🤖 AI Summary
Existing video editing methods are largely confined to predefined tasks and lack the capability to automatically generate high-quality, cinematic short videos guided by user instructions, as well as a unified evaluation benchmark. To address this gap, this work introduces CineBench—the first instruction-driven benchmark for cinematic video editing—and CineAgents, a multi-agent system that adopts a “design-synthesize” paradigm. By performing script reverse engineering to construct hierarchical narrative memory and integrating iterative narrative planning, the proposed approach generates coherent editing scripts.

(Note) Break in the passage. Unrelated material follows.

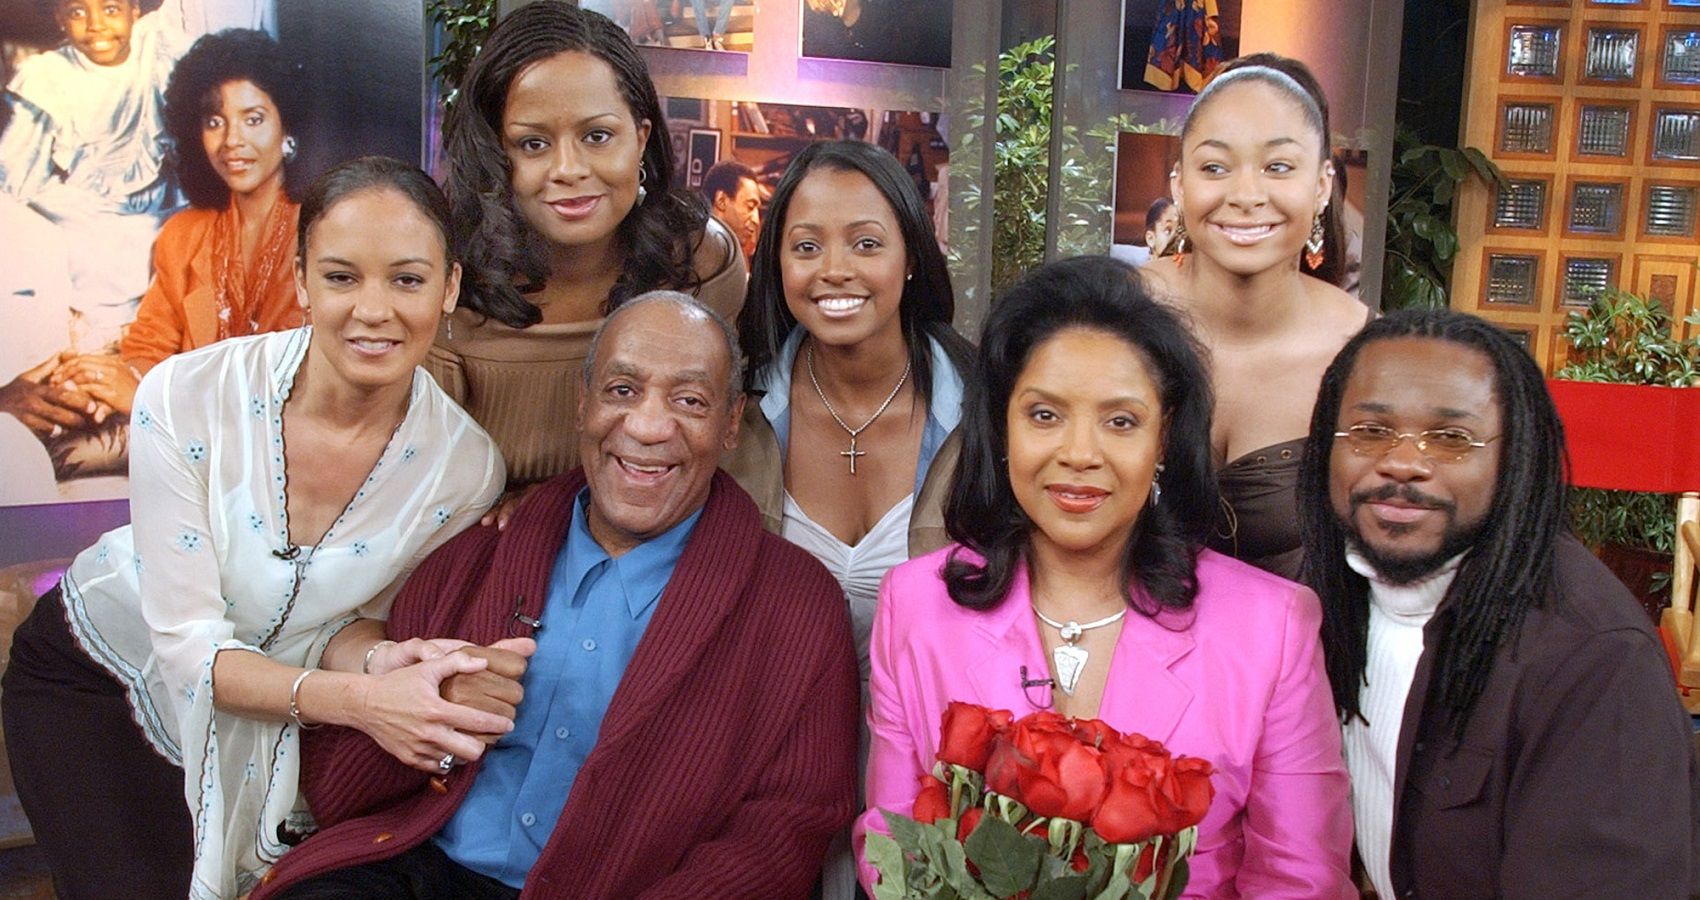 The 'Cosby Show' Kids Were Involved With These Surprising Scandals

It effectively mitigates context collapse and temporal fragmentation, significantly outperforming existing methods in narrative coherence and logical consistency, thereby demonstrating its efficacy in generating high-quality cinematic short videos from user instructions.
📝 Abstract
The surging demand for adapting long-form cinematic content into short videos has motivated the need for versatile automatic video compilation systems. However, existing compilation methods are limited to predefined tasks, and the community lacks a comprehensive benchmark to evaluate the cinematic compilation. To address this, we introduce CineBench, the first benchmark for instruction-driven cinematic video compilation, featuring diverse user instructions and high-quality ground-truth compilations annotated by professional editors. To overcome contextual collapse and temporal fragmentation, we present CineAgents, a multi-agent system that reformulates cinematic video compilation into ``design-and-compose'' paradigm. CineAgents performs script reverse-engineering to construct a hierarchical narrative memory to provide multi-level context and employs an iterative narrative planning process that refines a creative blueprint into a final compiled script. Extensive experiments demonstrate that CineAgents significantly outperforms existing methods, generating compilations with superior narrative coherence and logical coherence.